このところ、三十から四十歳代の若い経営者から、私は「アスペルガー症候群」なのでは?・・・上司の「モラルハラスメント」がヒドイなどの相談が多く寄せられます。ここでアスペルガー症候群とは、脳の障害の一つと言われておりますが、例えば周りがどんなに忙しくしていてもそのことに気付かず、一人だけ先に帰ってしまうなど物事の優先順位を決められなかったり、次の行動になかなか移れない。一度興味を持ったものに対して異常に固執してしまうなど、一種の発達障害と言われています。

お話を聞いてみると共通しているのが、幼い頃に親から躾という名の、その実は自分のエゴを隠れ蓑にした体罰を受け、自分を否定されて育ち、更に本来であるならば、その時自分を受け止めるはずの母親の存在が薄いのです。また行動パターンは、自分を正当化するために平気で噓をつき、他人を平気で落とし入れ、自分の立場が悪くなると、全て相手のせいにします。こうした人たちが、そのまま大人になって、様々な仕事のリーダーになってしまっているのが現実です。

 ここで最近、相談を受けたものの一つをご紹介します。

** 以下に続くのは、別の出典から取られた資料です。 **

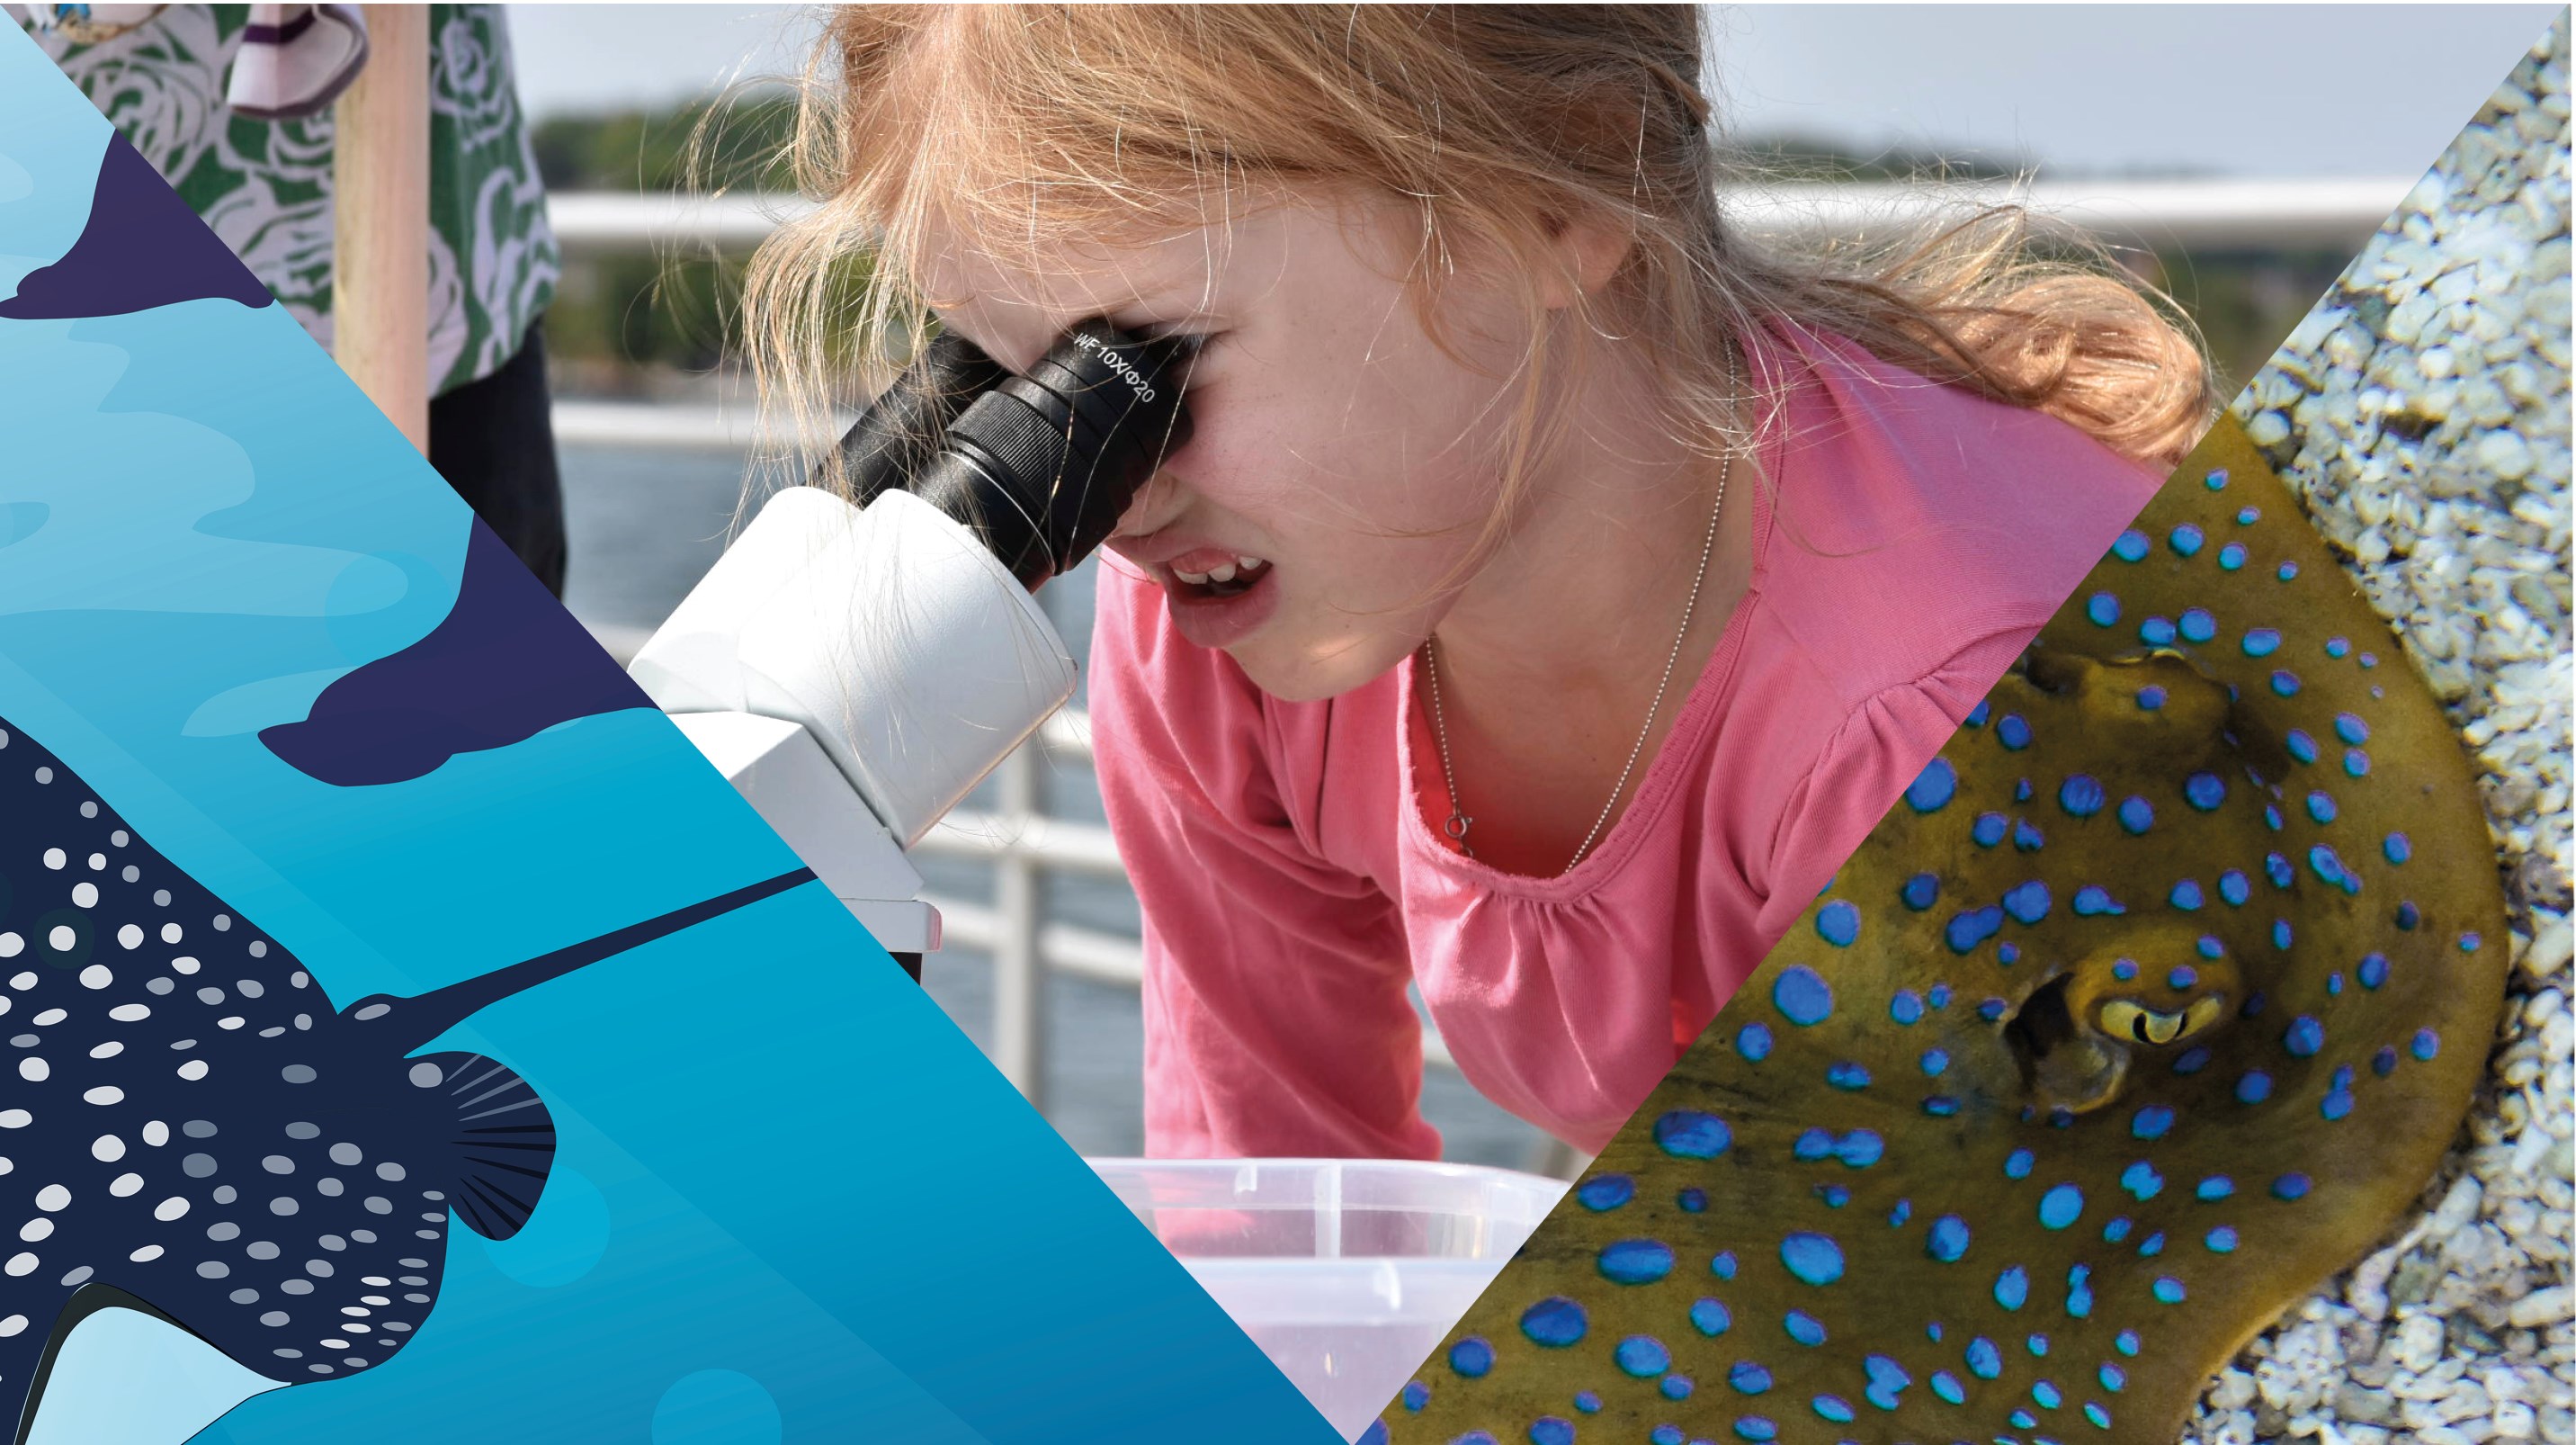 Kollage av tecknad bild på en rock, ett barn som tittar i ett mikroskop och ett foto på en prickig rocka

これはある経営者が主宰するビジネスセミナーにこのまま参加していていいだろうか、という内容のものでした。そのセミナーは、いわゆる成功セミナーの類で、「自分を前面に出して、主張せよ」という俗に言うポジティブシンキングをベースにした内容です。相談に来た彼らに共通していることは、最初のうちは夢と理想を語り、正しいと思ってやる気満々で実践していたのですが、無理を重ねてポジティブに振舞っている間にこれでいいのだろうか、と次第に自分の心の中にある矛盾が大きくなり、葛藤に苦しんでいるのです。

 人は「自分を出すこと」と「自分を抑えること」のバランスが重要なのですが、ポジティブ一辺倒ではいずれ心が壊れていきます。相談に来た人たちは、その矛盾に悩み、そのままそのセミナーに参加していればうまくいくのでは、という執着を乗り越えて、つまり古い自分の殻から抜け出そうとしていうのですから、「まともな」人たちと言っていいでしょう。陽明学的に言えば、自分が生まれ持っている「良知」の働きは、どんなに自分を偽っても最後は自分を誤魔化せないのです。

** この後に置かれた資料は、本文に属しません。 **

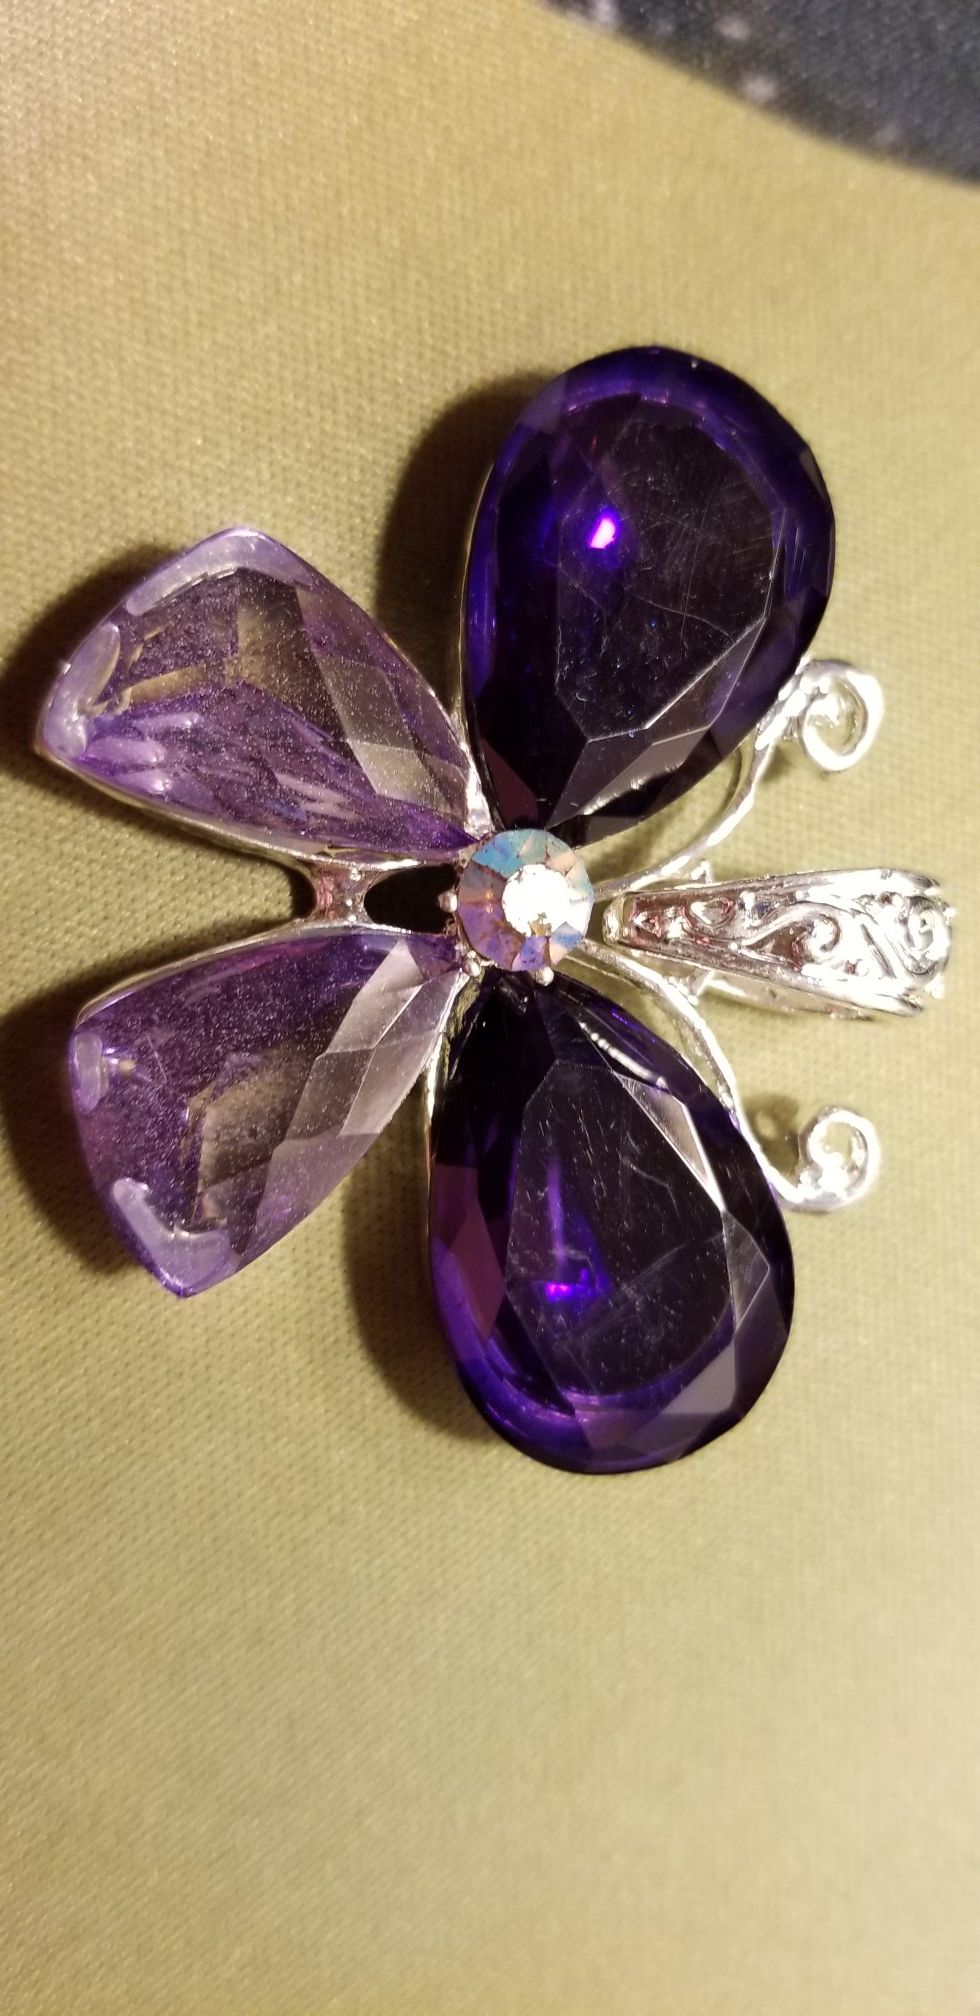 Purple Crystal Butterfly Pendant

未来にある大きな仕事をやるために、むしろ目の前の失敗が必要なのに無理して上手く繕い、せっかく自分を知るための機会を逃してしまうのです。

自分を誤魔化さない生き方を目指すのが、人間本来の生き方なのですが、現代社会では非常に困難になっています。自己の願望の肥大化による、行き過ぎた権利意識、拝金主義などの現代社会の病理の中では、「自分を誤魔化して生きる」人があまりにも多くなってしまいました。

社会の発展に人々の心の成長がついていかなく心と体のバランスが著しく崩れています。人は病にかかっても体は本来の状態に戻ろうとする治癒力が備わっているように、私たちの病んだ心も本来戻るべき位置(良知)に戻ろうとしているのです。

 明治以降表面的繁栄、幸福を求めてきた日本社会の風潮は様々な弊害をもたらしています。私の元に相談に来ている人たちが、成功を勝ち得るため「自分を誤魔化して生きる」ことに悩み、疲れ果てている例は行き過ぎからの揺り戻しの前兆が起こってきているのだと思います。

 明治維新から日本が欧米化の殻を被って、わずか百五十年しか経っていません。日本人は、江戸時代までは和の文化で生きてきたわけで、その歴史の長さに比べれば、たかが百五十年なのです。その日本だけの和風も、飛鳥白鳳時代から中国からの漢字、学問などの文明が入ってきたものを、吸収し日本独自の文化として昇華させたものです。つまり、日本で言う純和風は、日本列島に入ってきた異文化を咀嚼し、自分の血肉に変えて醸成された文化だと言えます。ですから維新以後、一気に流入してきた西洋文明は、それまでの日本での家族のあり方や教育など素晴らしい伝統を蝕んで日本の文化を崩壊さているように映りますが、しかし日本人が“和”をもって生きてきた歴史の長さを考えれば、そう簡単に消えるはずがなく、必ず揺り戻しや、西洋と和の文化を融合した新しい流れへと動いてくることでしょう。